Die ehrliche Tabellenlage: Ein Blick hinter die Kulissen

Die offizielle Tabelle liest sich wie ein Märchenbuch: Der FC Thun thront souverän an der Spitze, gefolgt vom FC St. Gallen und FC Lugano. Die ehrliche xP-Tabelle erzählt jedoch eine ganz andere Geschichte. Hier würde der FC Lausanne-Sport auf Platz 2 stehen – in der Realität dümpelt er auf Rang 9 herum. Ein Drama in acht Akten, oder besser: in acht verlorenen Punkten.

Der FC Lugano führt das Glücksranking mit sagenhaften +21.5 Punkten an – ein Vorsprung, der jeden Börsenhändler vor Neid erblassen lässt. Auf der anderen Seite der Medaille: Der Grasshopper Club Zürich sammelt fleissig Pechpunkte (-10.5) und würde in der xP-Tabelle deutlich besser dastehen. Die Hoppers beweisen eindrucksvoll, dass man auch mit soliden Leistungen ganz unten landen kann, wenn das Glück Urlaub macht.

Ausblick: Die Wahrheit wird siegen (irgendwann)

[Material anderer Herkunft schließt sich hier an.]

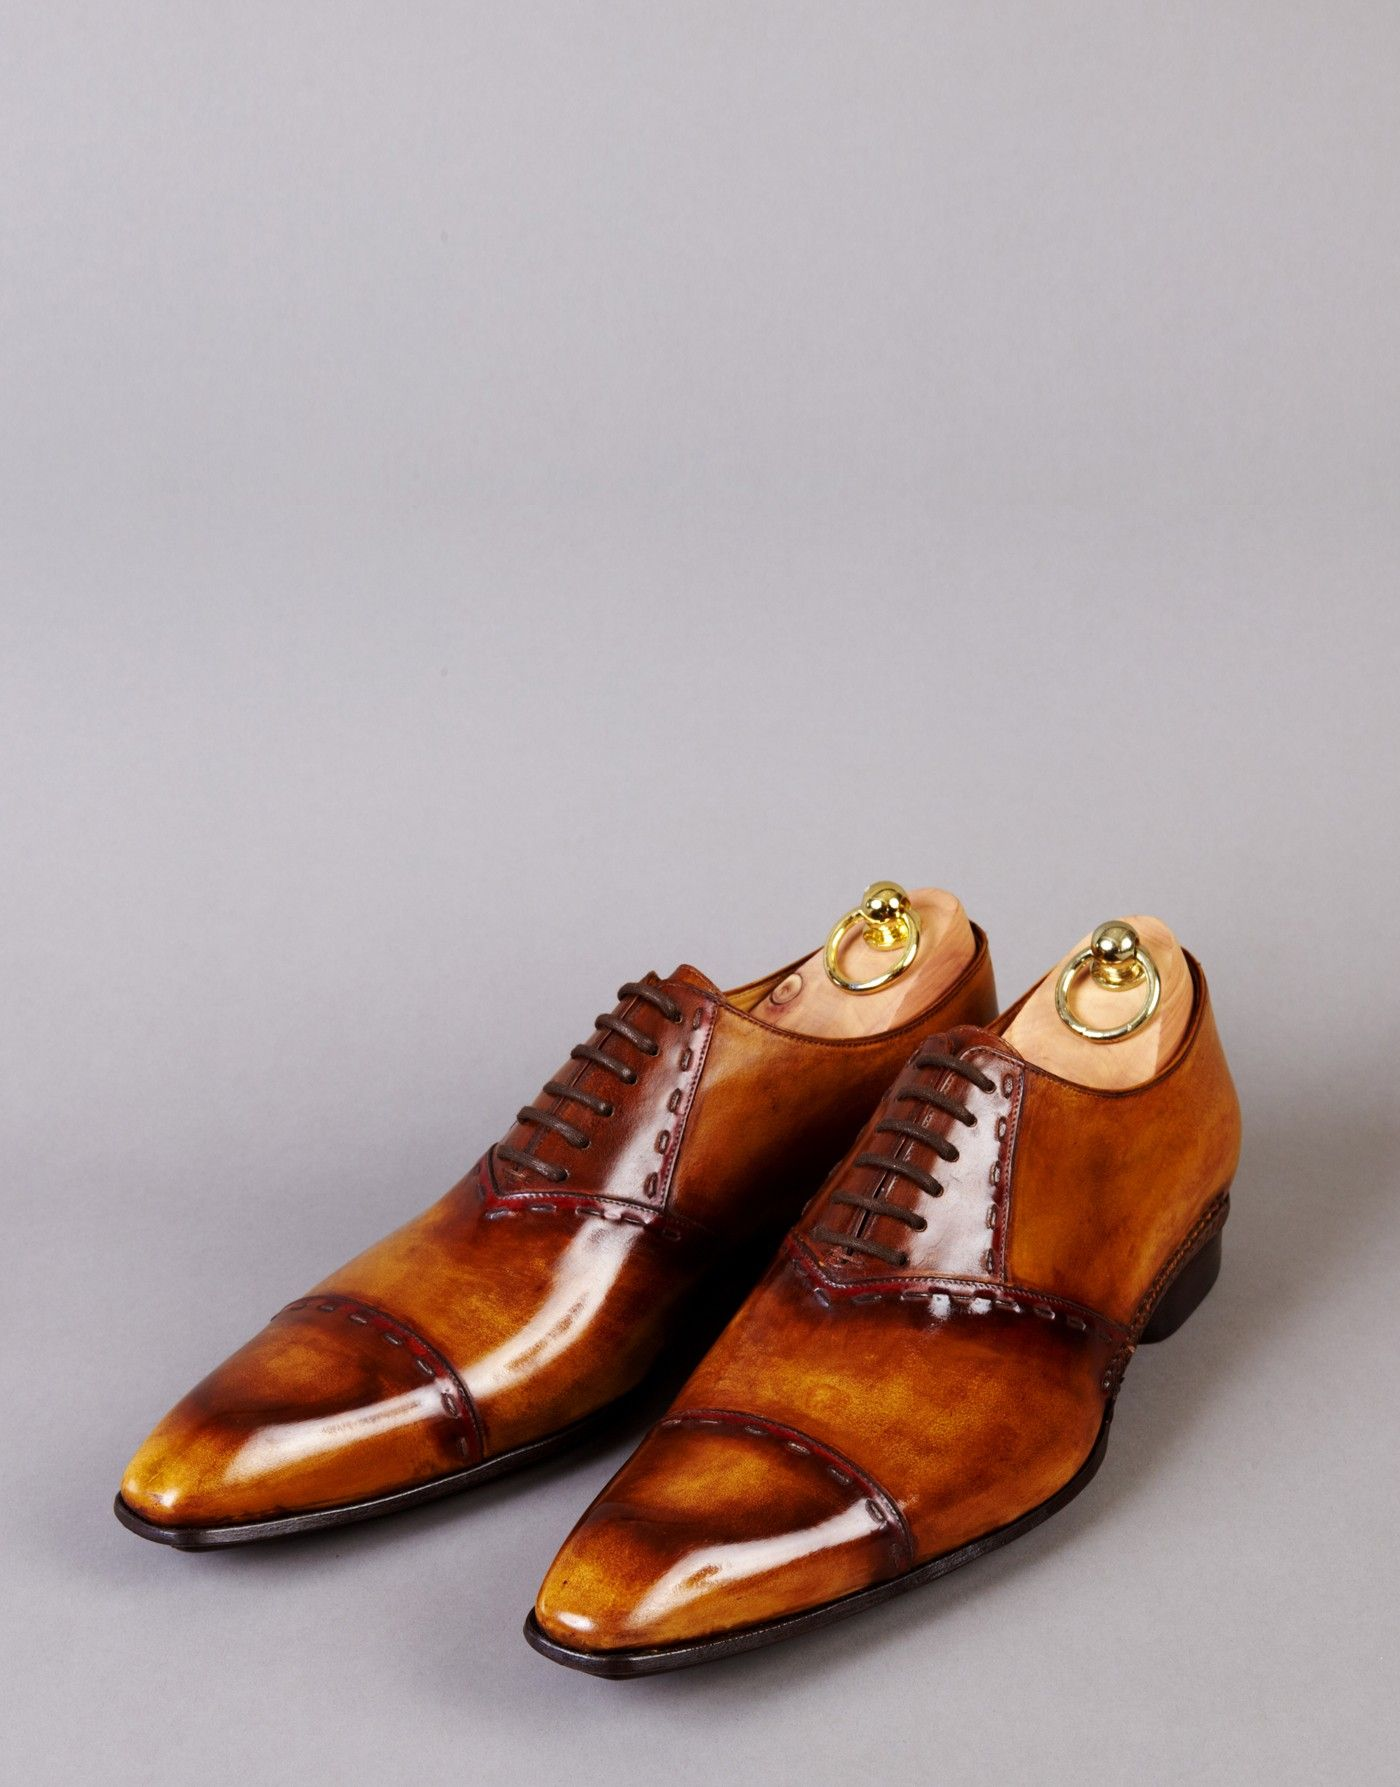 Henrique enko pr t porter haut de gamme chaussures en cuir patin es pour homme men 39 s - Pret a porter haut de gamme ...
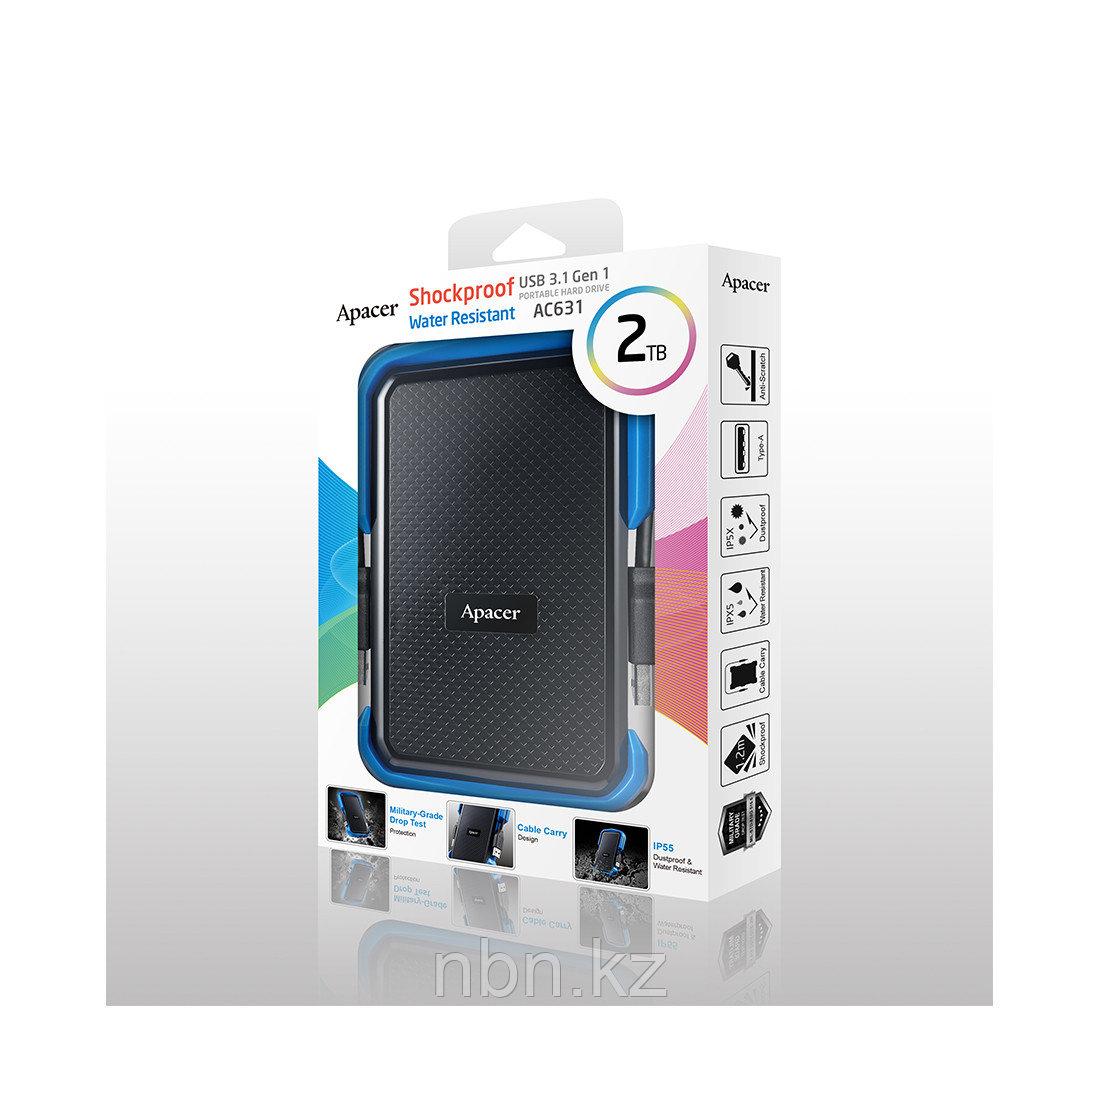 """Внешний жёсткий диск Apacer 2TB 2.5"""" AC631 Синий - фото 2"""

Der 3. Spieltag zeigt eindrucksvoll: Glück und Pech sind ungleich verteilt, aber die Saison ist noch jung. Geschichte lehrt uns, dass sich Expected Goals und reale Punkte über die Zeit angleichen – die Mathematik ist geduldig, aber unerbittlich.

Der FC Lausanne-Sport und der Servette FC sollten weiter ihr attraktives Spiel durchziehen – die Belohnung wird kommen. Der FC Lugano hingegen täte gut daran, seine Effizienz zu hinterfragen, bevor die xG-Götter ihr Konto ausgleichen. Denn eines ist sicher: Was in der Statistik geschuldet wird, wird irgendwann auch eingefordert.

Am Ende wird die ehrliche Tabelle siegen – sie tut es immer. Bis dahin geniessen wir die schönen Märchen vom Glück, das manchmal auch in der Super League vorbeischaut.